• **MATERIAL PROVIDED**
-- Opening Marker --
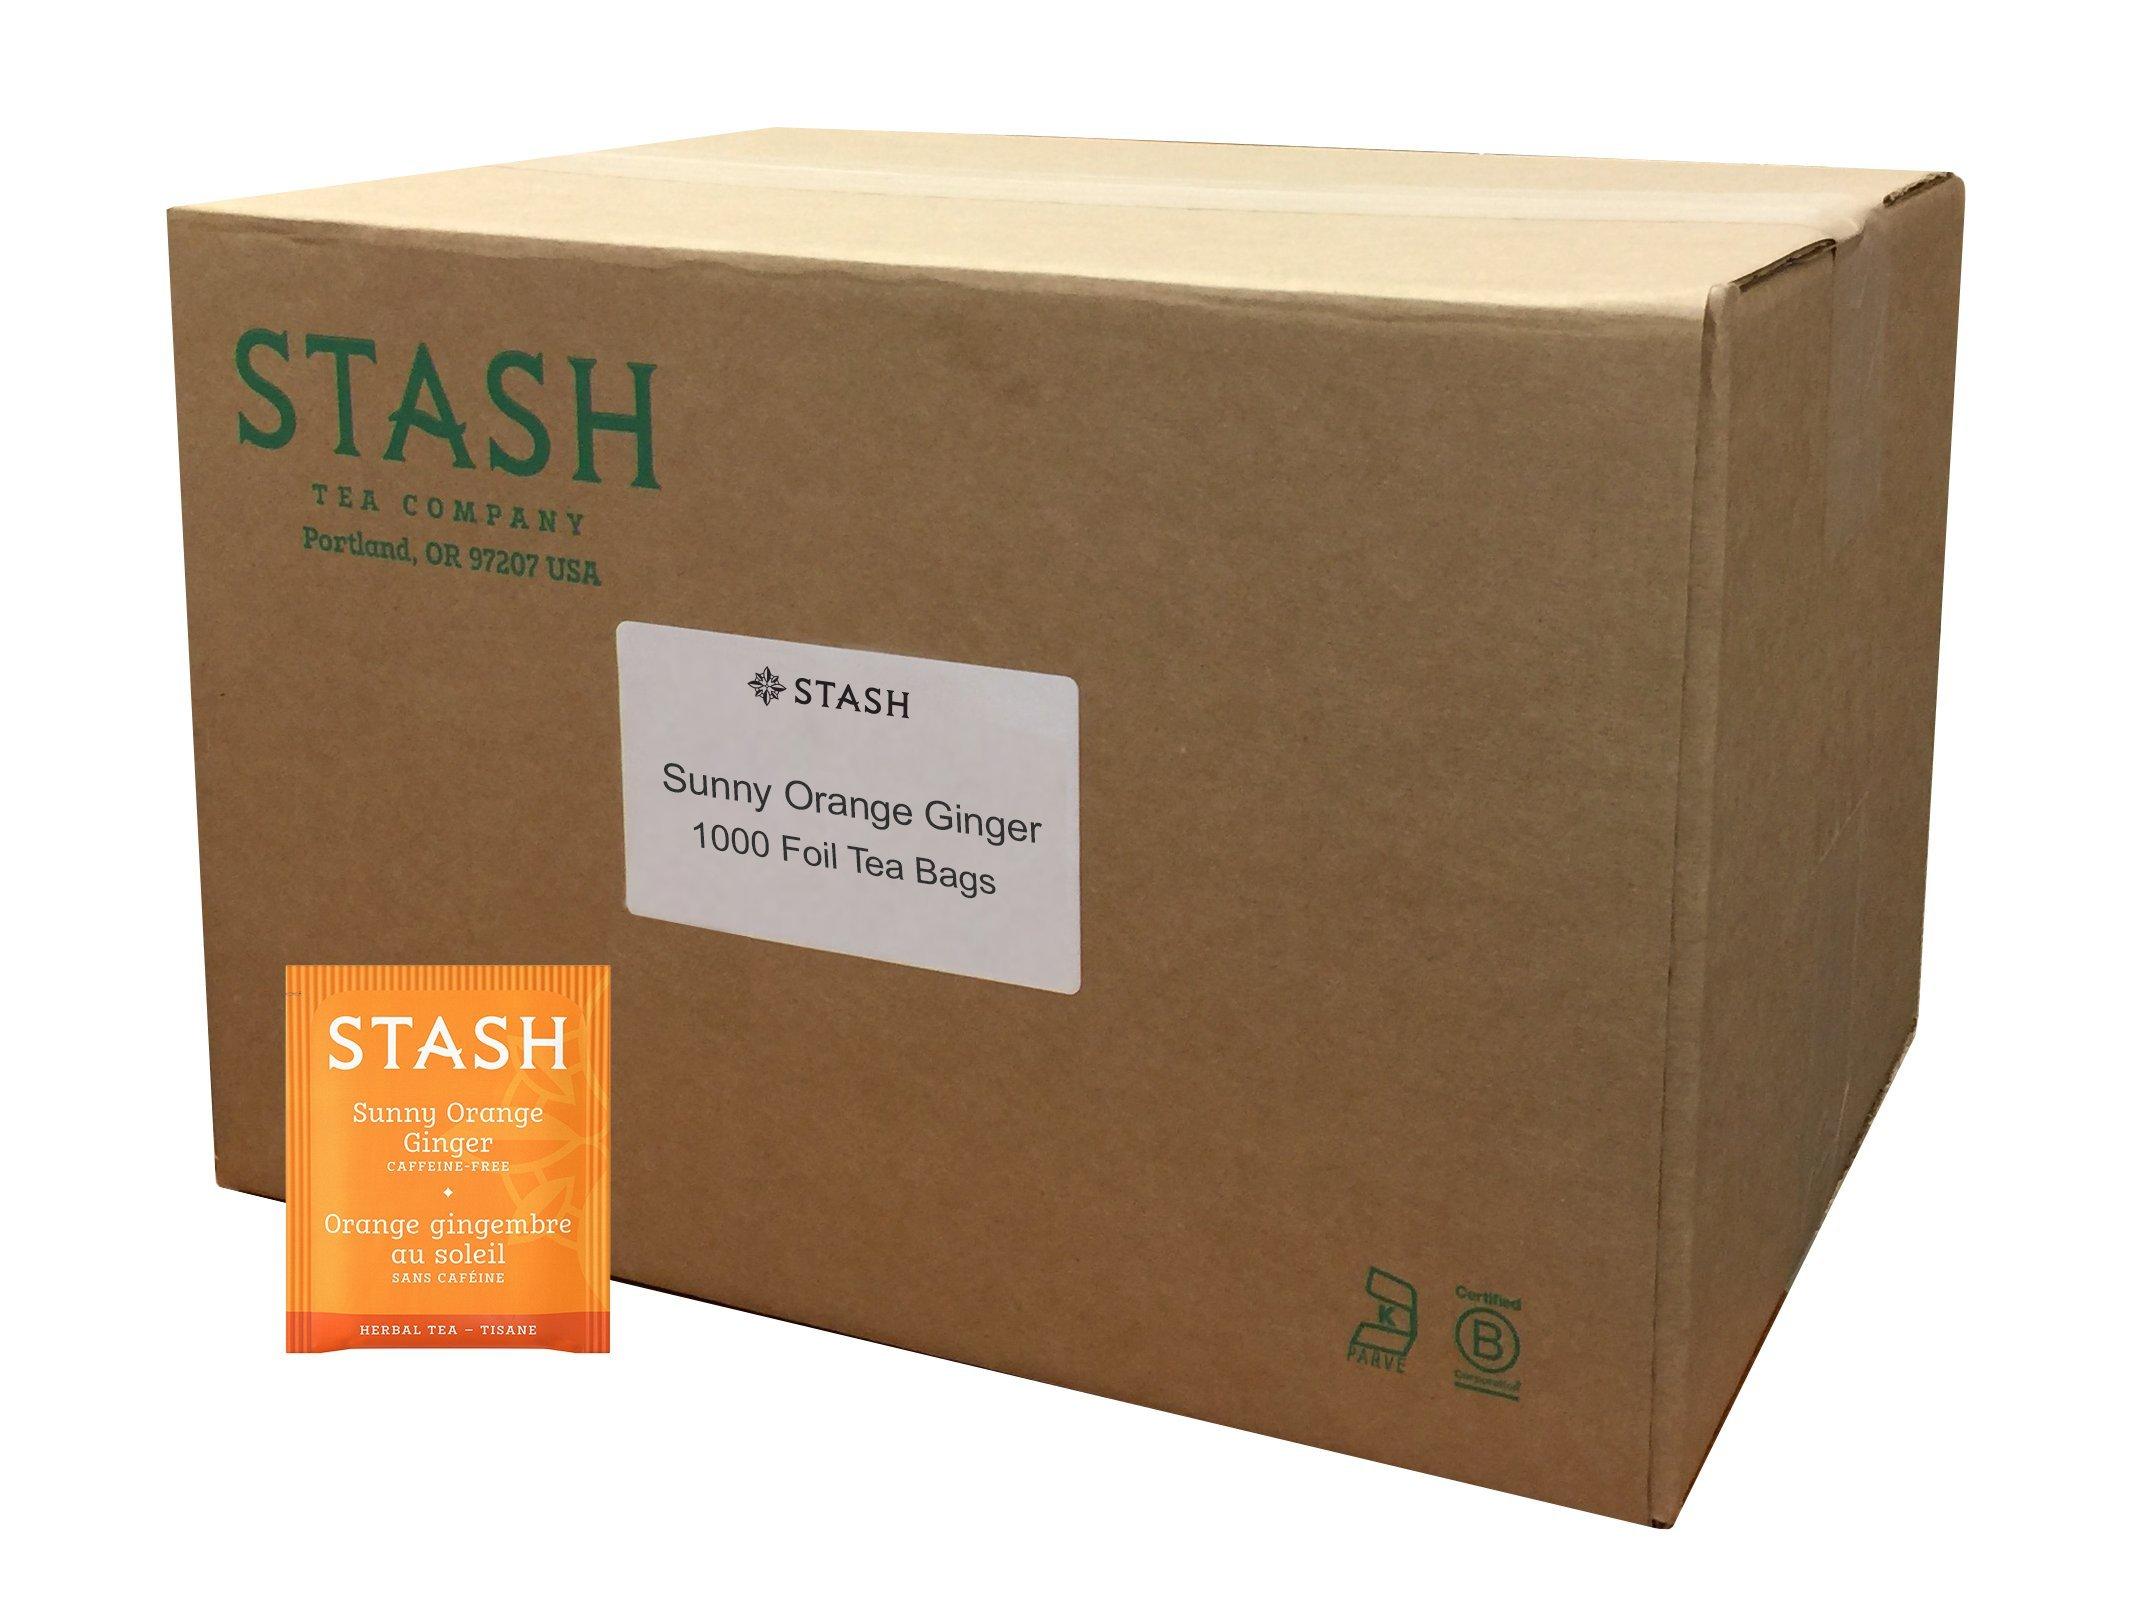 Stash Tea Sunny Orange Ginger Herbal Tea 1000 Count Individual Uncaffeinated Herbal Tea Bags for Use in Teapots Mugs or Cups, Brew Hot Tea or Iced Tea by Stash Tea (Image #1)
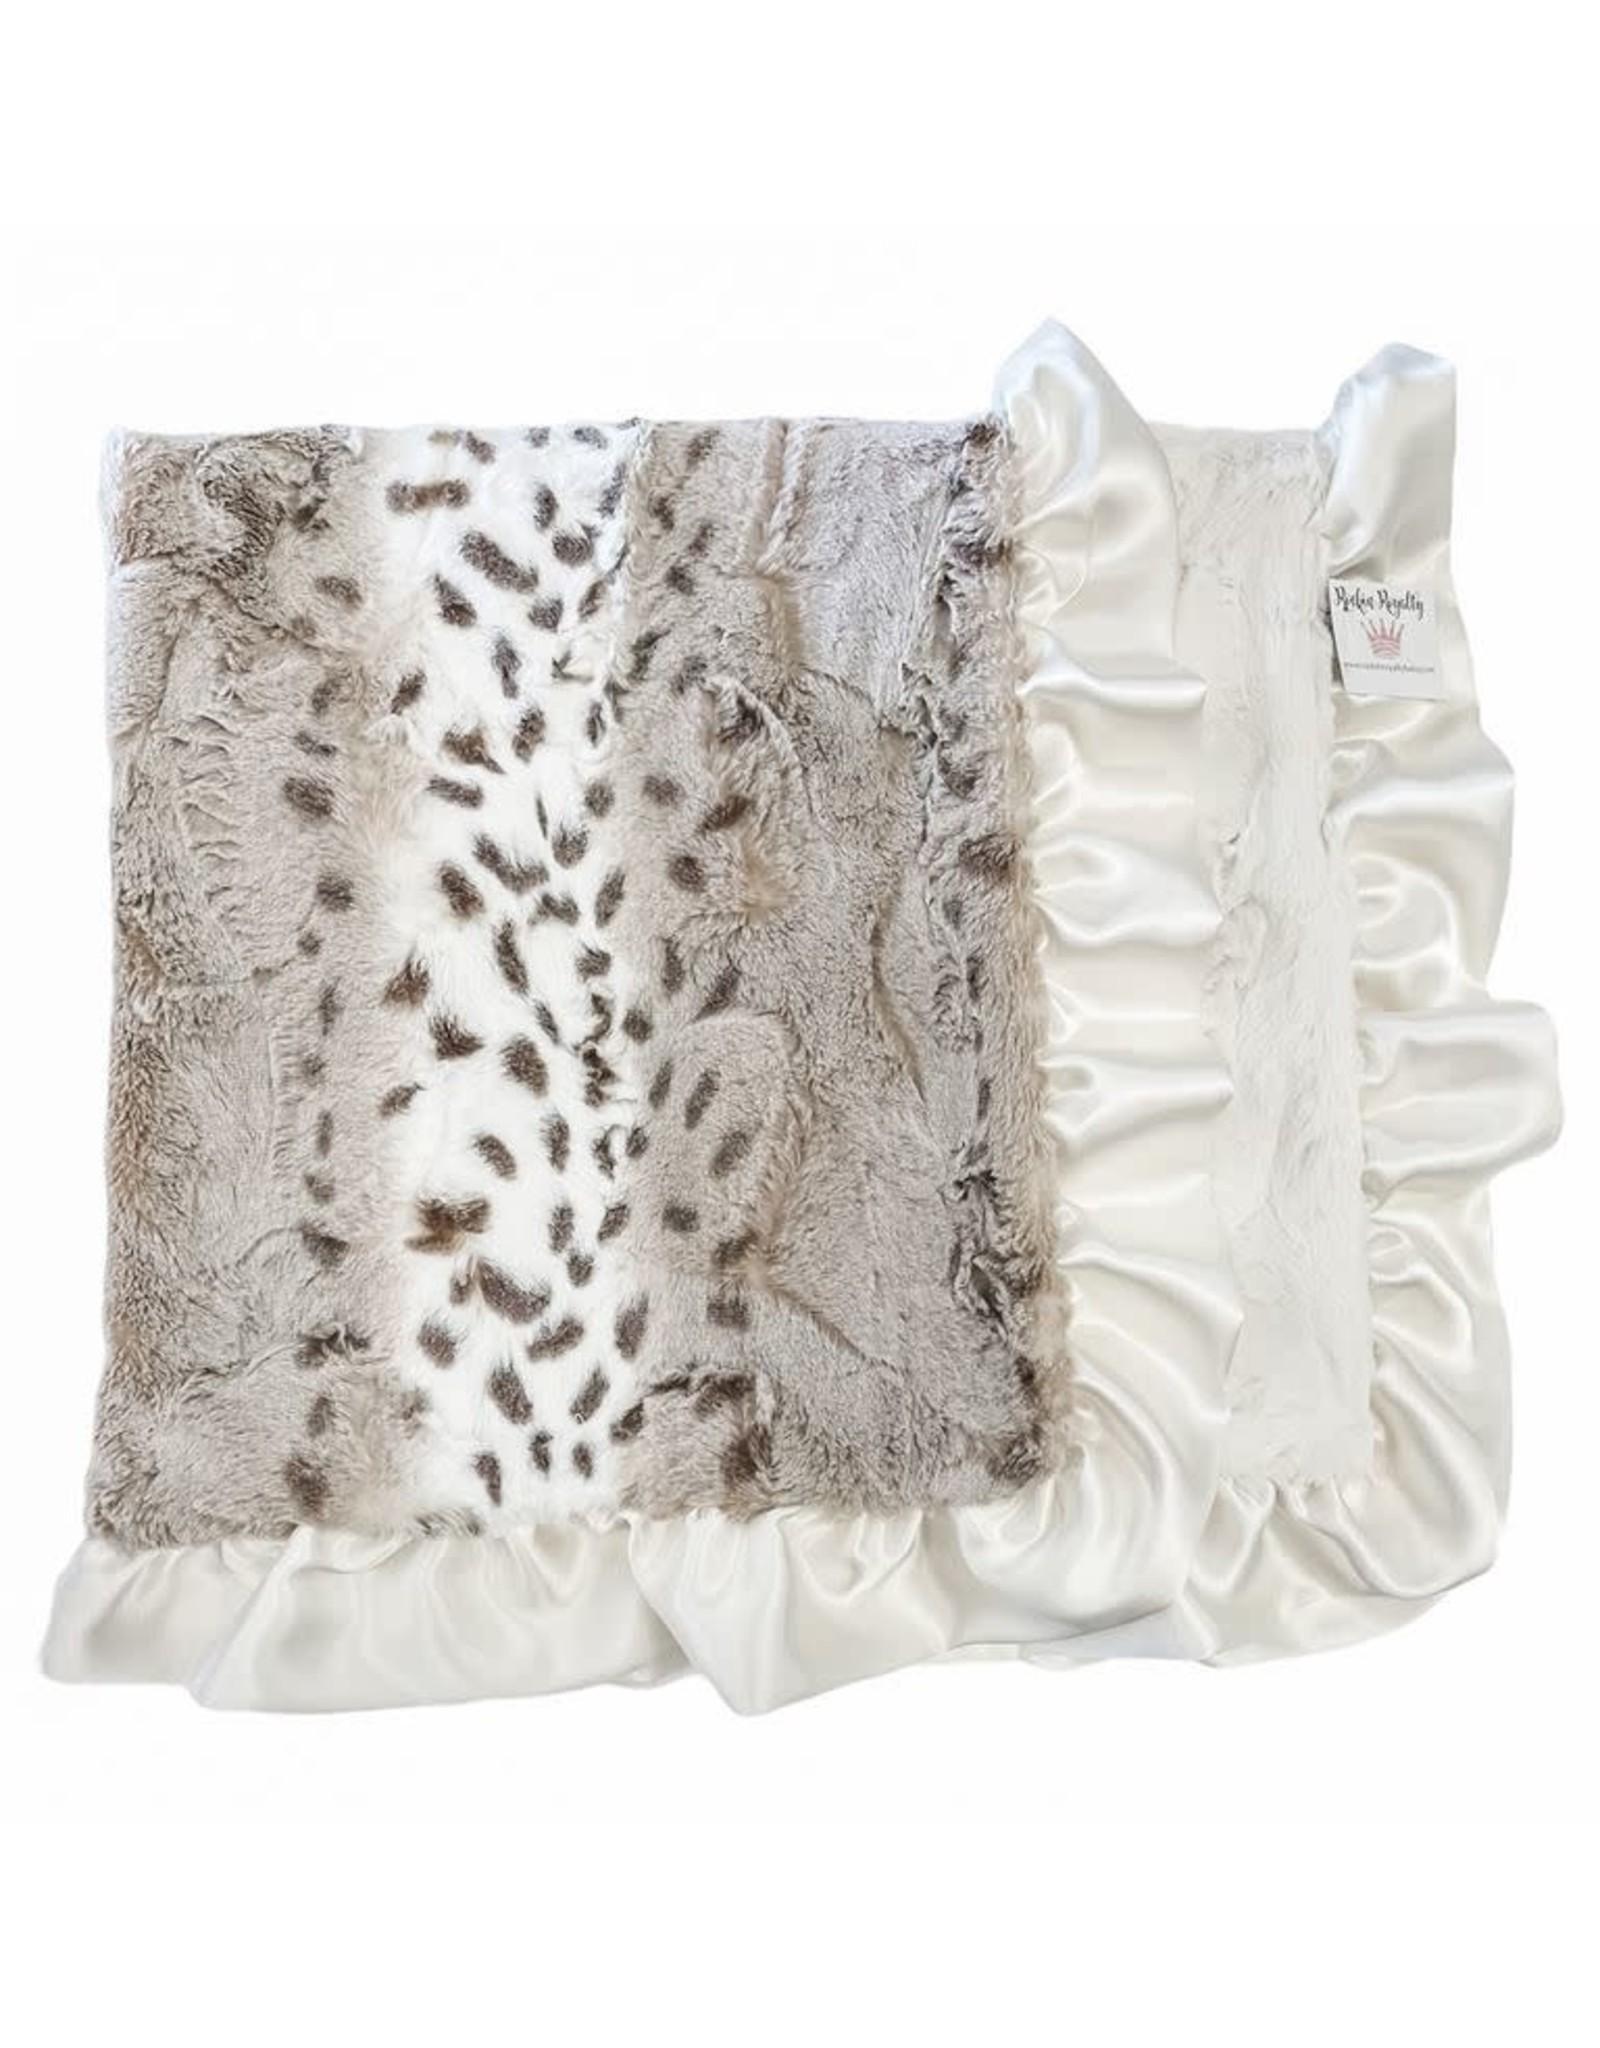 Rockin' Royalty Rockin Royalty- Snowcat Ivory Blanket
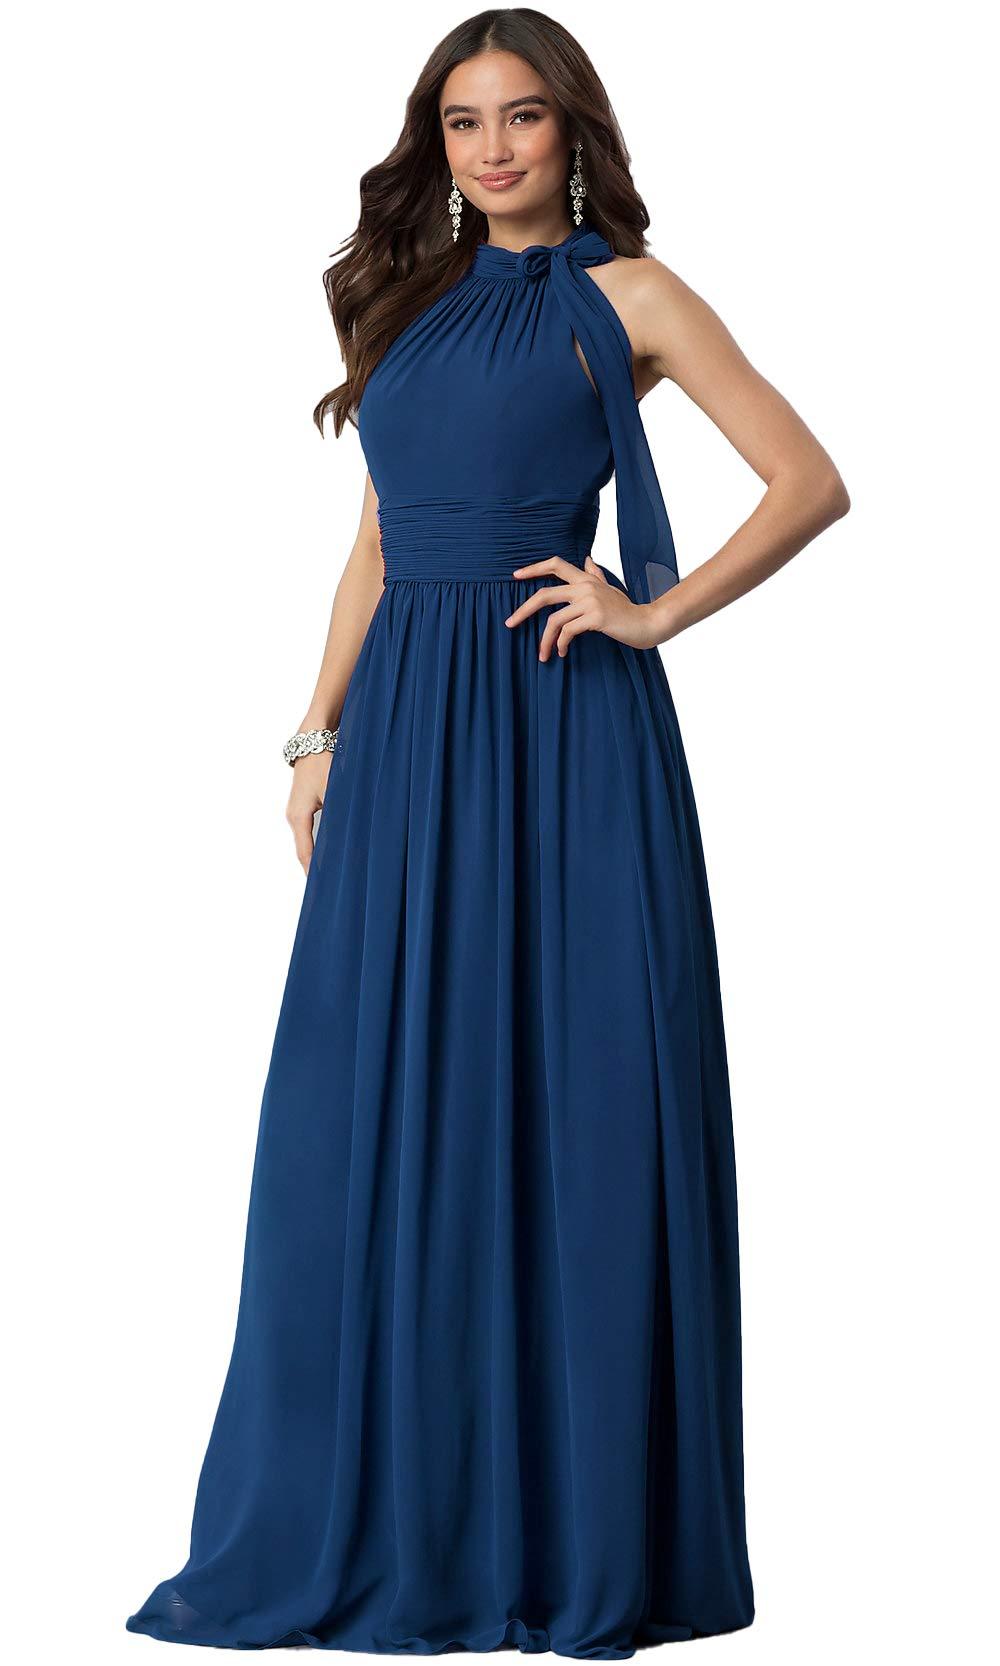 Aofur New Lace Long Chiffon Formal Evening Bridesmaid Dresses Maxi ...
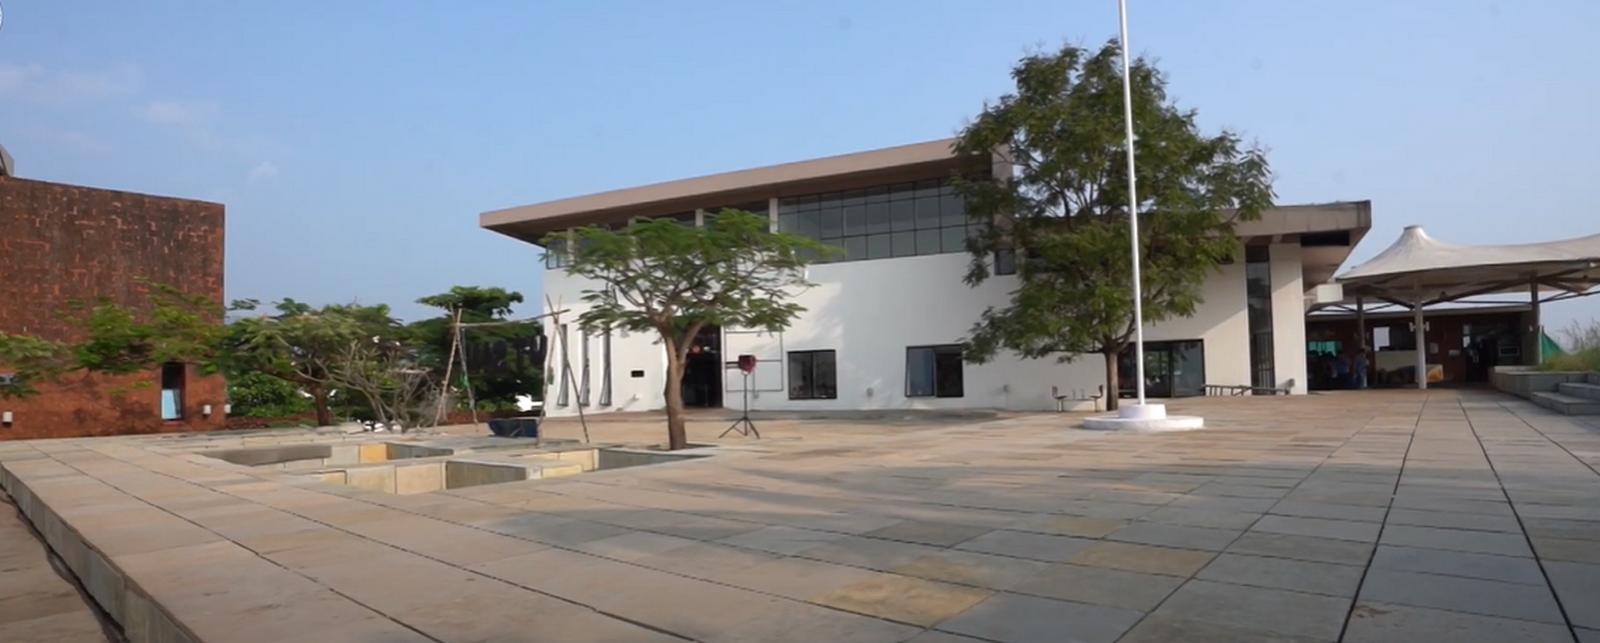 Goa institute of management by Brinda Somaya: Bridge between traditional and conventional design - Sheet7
-- Closing Marker --
Starting at the line that contains "Rockin' Royalty Rockin", retype each line through the end of the data exactly, and leave out every picture.

 Rockin' Royalty Rockin Royalty- Snowcat Ivory Blanket
 Aofur New Lace Long Chiffon Formal Evening Bridesmaid Dresses Maxi ...
 Goa institute of management by Brinda Somaya: Bridge between traditional and conventional design - Sheet7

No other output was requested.